Social Media Blogs by Aliza Sherman
Aliza Sherman is a web pioneer, author, and international speaker. Sherman is the author of 8 books about the Internet including The Everything Blogging Book, Streetwise Ecommerce, The Complete Idiot's Guide to Crowdsourcing and Social Media Engagement for Dummies.

5 Social Media Terms You Need to Know

5 Social Media Terms You Need to Know

Social media marketing has its fair share of jargon, terms that marketers seem to know and use often, but to the layperson, the meaning isn’t always clear. Getting familiar with some of the key concepts of social media can help you better understand what you’re able to accomplish through social media marketing and how to better measure your progress.

Here are five social media terms that you may have heard, how they are typically used, and how you can leverage them to optimize how you’re engaging in social media marketing.

1. Engagement

The term "engagement" in social media may seem obvious to most people. Engagement, on the surface, means connecting with your followers. You could say that connection should be "engaging." However, engagement in social media marketing has several stages to it:

React - Capturing someone’s attention in the crowded social media feed and getting a basic reaction, namely a "Like." The act of clicking a "Like" button can feel meaningful, but more often it is a reflex reaction of acknowledgment as the person moves on to the next post. Reactions look good on the surface, but in general, they don’t impact your bottom line.

Interact - A better form of engagement is the interaction, the comment that leads to a dialogue online. Interactions help strengthen relationships. If you are serving your current customers or looking to connect with prospective customers, fostering relationships is valuable.

Act - The next form of engagement takes interacting to the next level. The individual takes action to solidify the relationship, such as giving you permission to stay in touch with them through your email subscription form or signing up to receive more information about your products or services. Acting takes effort, and while it doesn’t translate immediately into a sale, you’re on your way.

Transact - The ultimate form of engagement is the transaction. Closing a sale, getting hired, or otherwise engaging in a way that positively impacts your bottom line is the pinnacle of engagement but takes time.

Engagement in social media is the cultivation of a relationship. While you want to close the sale, the enduring value of that relationship includes repeat sales and, even more valuable, referrals to new customers.

2. Influence

You may have heard the term "Influencer Marketing," but what is an influencer in social media? Keeping in mind the stages of engagement, an influencer is an individual who speeds up the path to transactions because their audience trusts them. In some ways, an influencer in social media is someone who others admire and want to emulate. If that influence praises a product and encourages their followers to buy it, transactions happen.

Can you be a social media influencer? Maybe not a celebrity influencer however, studies of influencer effectiveness show that "micro-influencers" can be far more effective than mega stars. That means that you could have great influence over a smaller number of people but a greater percentage of them act and transact.

Creating value for your followers in social media takes a lot of time to create the content that attracts them to you and engages them.
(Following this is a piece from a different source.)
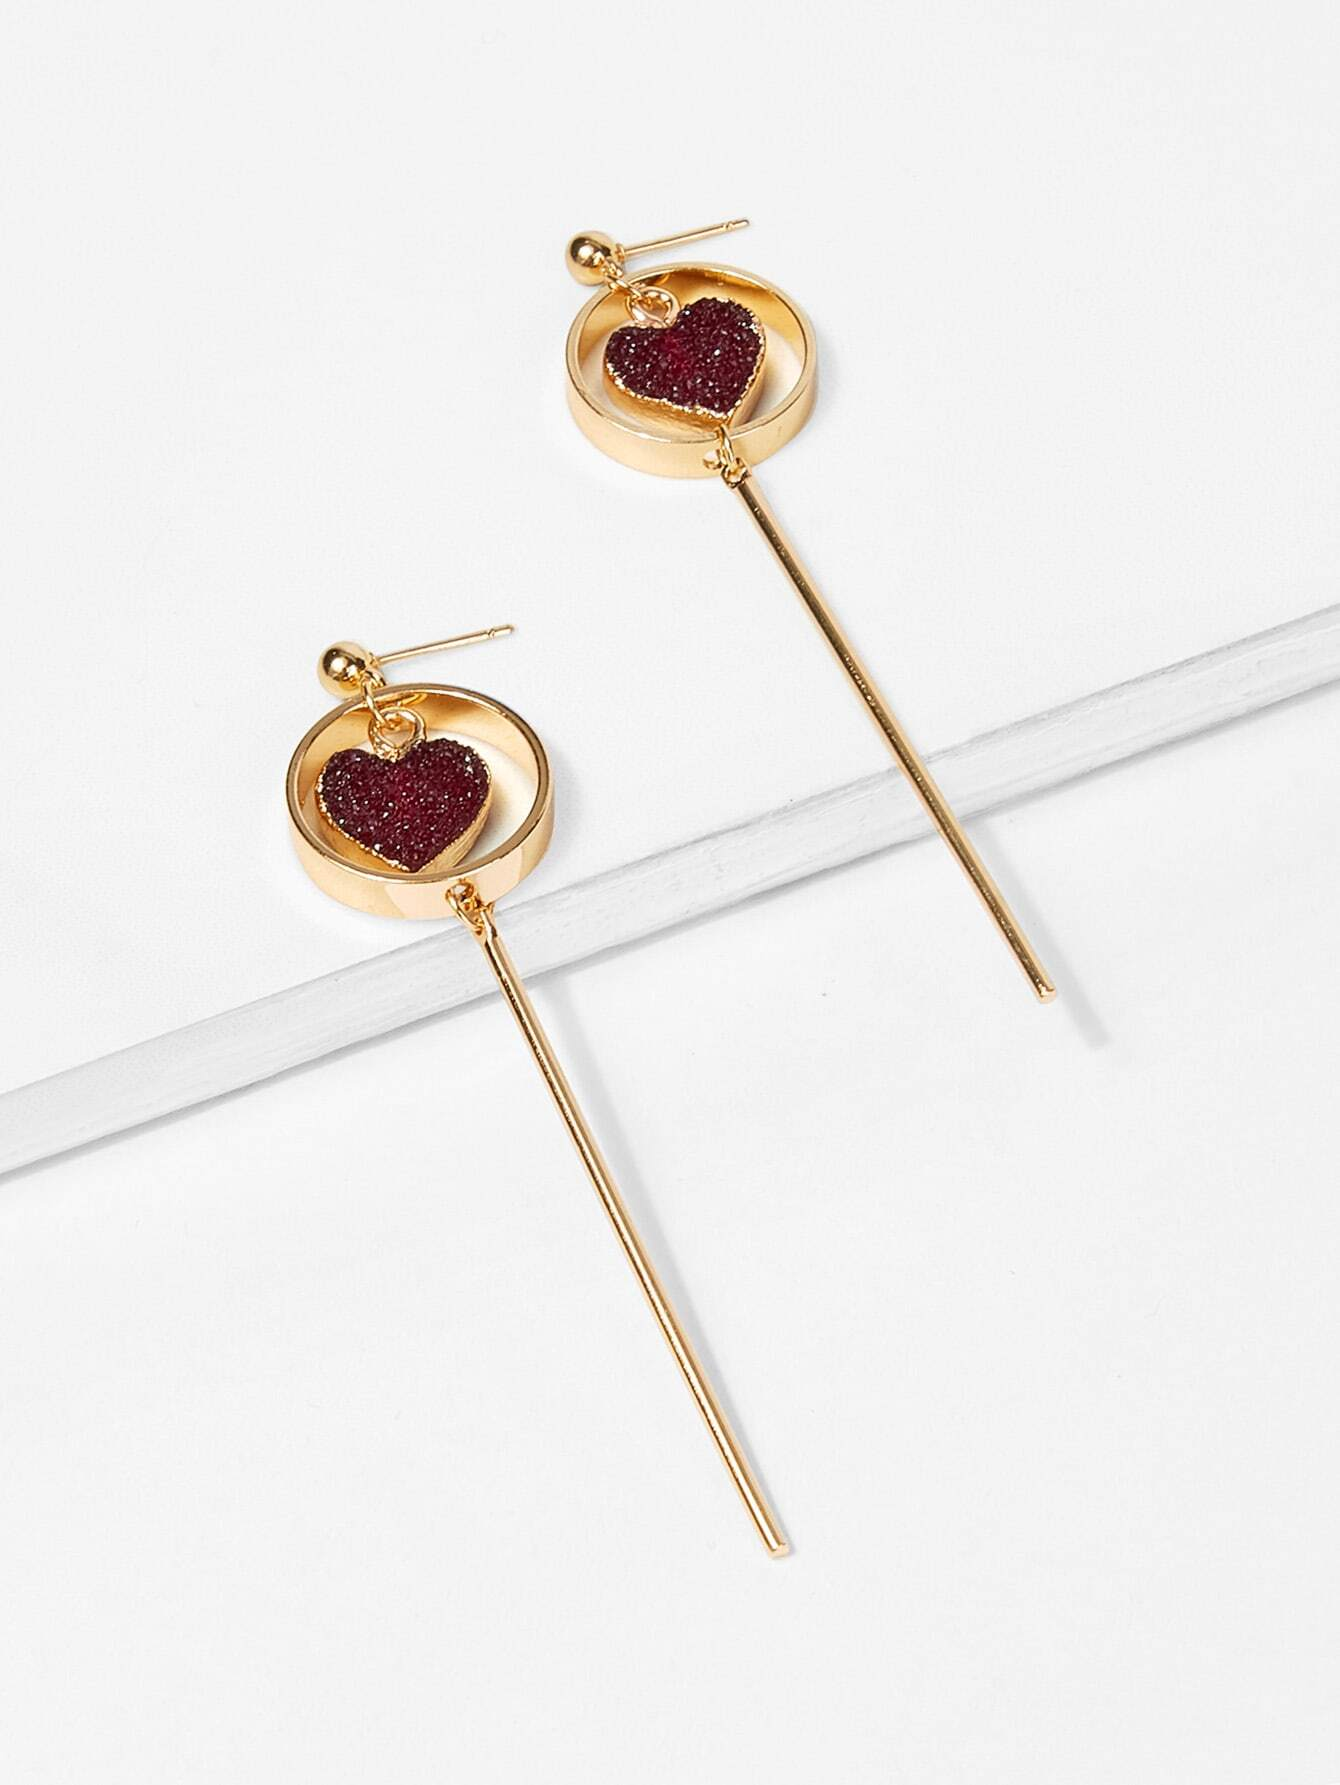 Heart & Bar Detail Hoop Drop Earrings silver plated bar dangle drop earrings

You also need to spend a lot of time strategizing how you’ll usher your following through the journey from Reaction to Transaction. Professional social media influencers are laser focused on the image, from their looks to the look of their environment and what each feature in each post they publish reflects.

Even through all the efforts, the staging, the perfect lighting, the carefully chosen filters, the influencers who tend to have the most impact are the ones who have gained the trust of their followers. How can you gain that kind of trust? Through Transparency and Authenticity.

3. Transparency and 4. Authenticity

Transparency is an openness about one’s process to build trust. A business can be transparent by peeling back the curtain and letting followers in "behind the scenes." While transparency could be as extreme as revealing financial data to demonstrate integrity, it could also mean demonstrating how a product is made sustainably or introducing followers to the humans who work at the company. Authenticity boils down to being heartfelt and real. By showing the people behind the scenes at your company, you are humanizing your business in the eyes of customers and prospects.

But what do your followers really think and feel about you? That’s where Sentiment comes in.

5. Sentiment

If you’re using a social media dashboard to manage your social networks and monitor what people are saying about you, your company or brand, most paid services include a Sentiment Monitor. Sentiment in social media is typically broken down into three parts: Positive, Neutral, and Negative. While sentiment analysis software isn’t perfect, measuring sentiment is a good way to analyze how people feel about what you’re doing.

If you decide to use Sentiment Analysis, spend the time sifting through the messages to ensure the assessments are correct. In some cases, words like "bad" and "killer" may sound negative but are actually compliments.

Understanding key terms in social media helps you better interpret how you’re really doing when you post to social media. Posts are introductions. What happens next is the real value for your business.